## [Work request]
From the records below, transcribe only the lines running from the one with "magneq unisex purple" through the one with "Carbapenemases in Acinetobacter". Keep both of those end lines.

[Opening Input section]

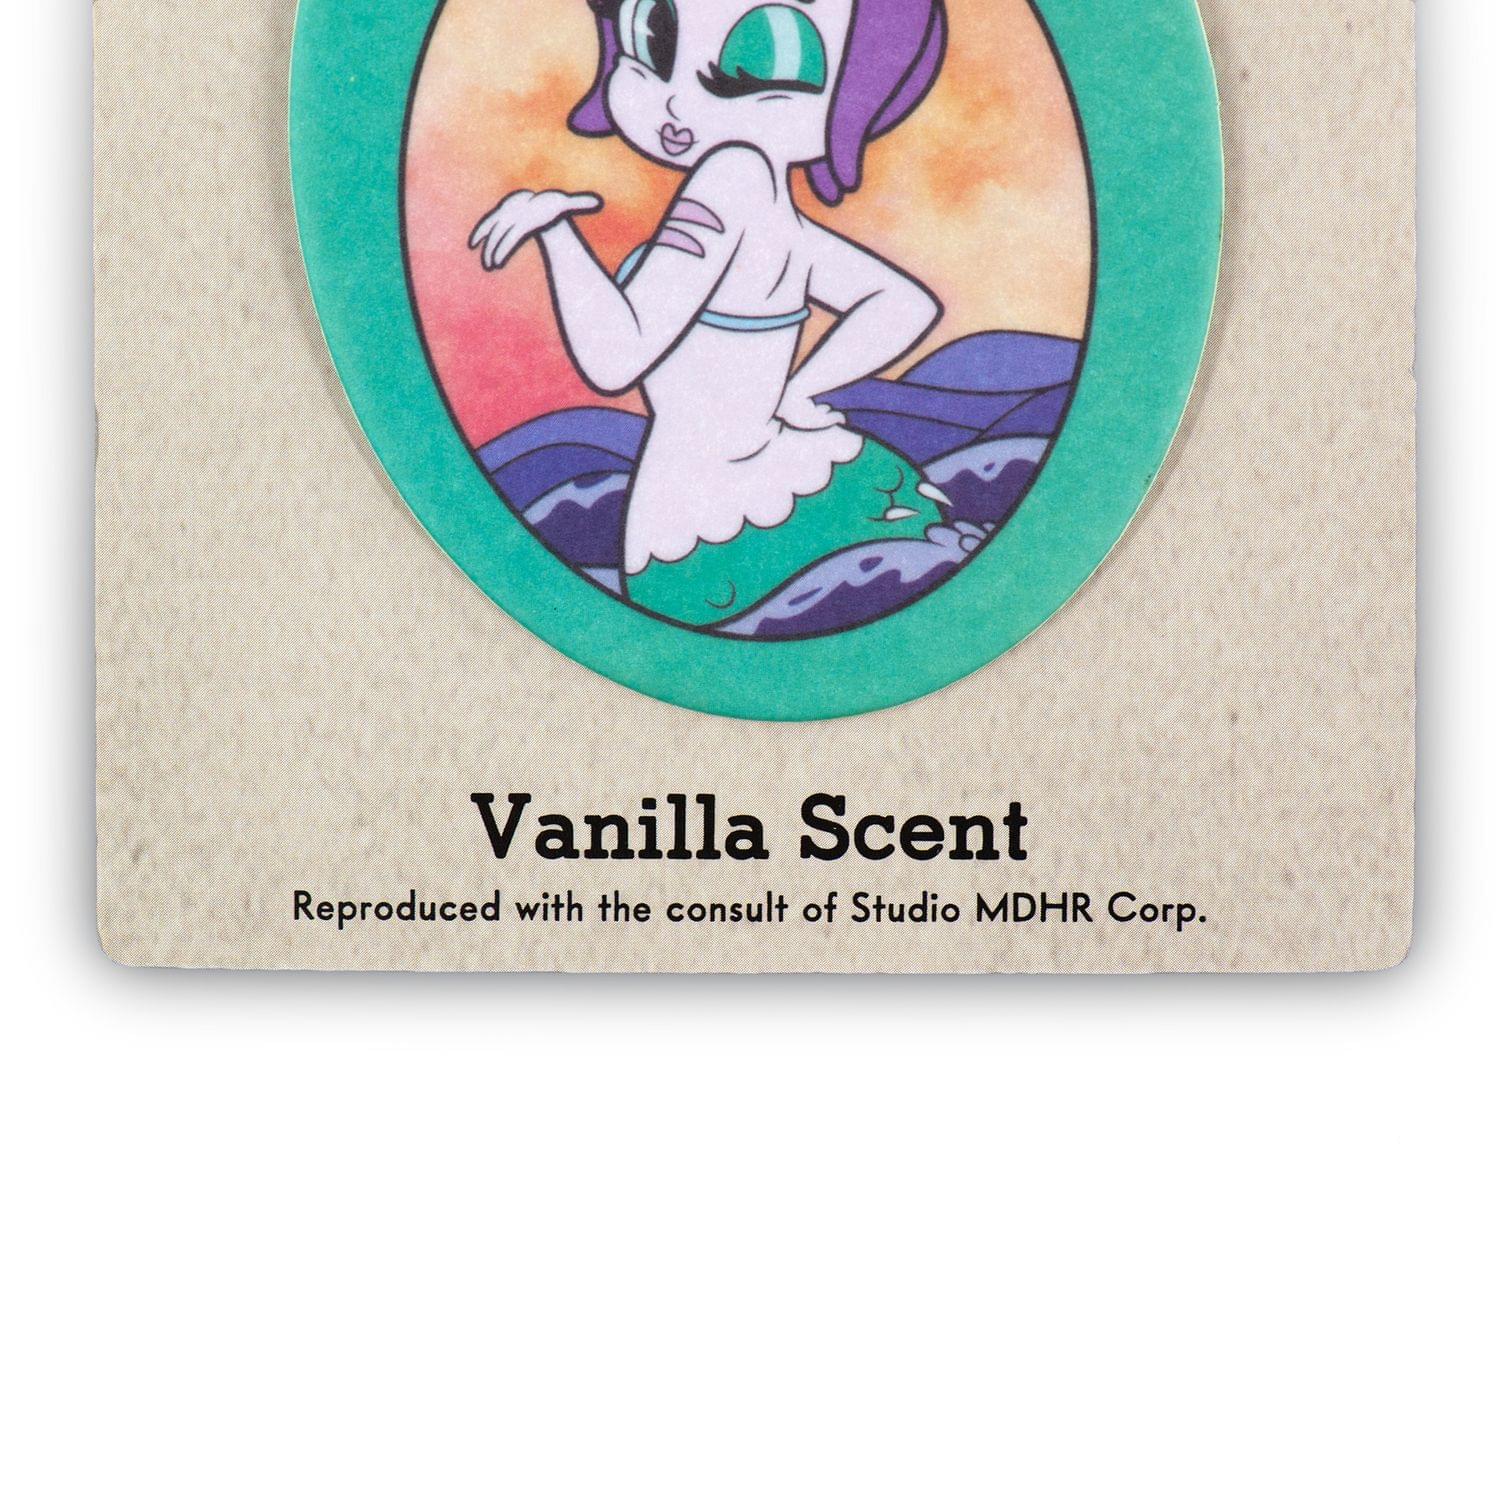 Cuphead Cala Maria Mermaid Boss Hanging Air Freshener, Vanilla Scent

[Closing Input section]
[Opening Input section]

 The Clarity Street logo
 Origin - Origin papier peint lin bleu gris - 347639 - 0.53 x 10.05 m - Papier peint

[Closing Input section]
[Opening Input section]

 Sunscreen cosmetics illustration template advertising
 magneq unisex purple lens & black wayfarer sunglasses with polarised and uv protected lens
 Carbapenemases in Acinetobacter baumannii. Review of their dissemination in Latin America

[Closing Input section]

## [Answer to this task]
 magneq unisex purple lens & black wayfarer sunglasses with polarised and uv protected lens
 Carbapenemases in Acinetobacter baumannii. Review of their dissemination in Latin America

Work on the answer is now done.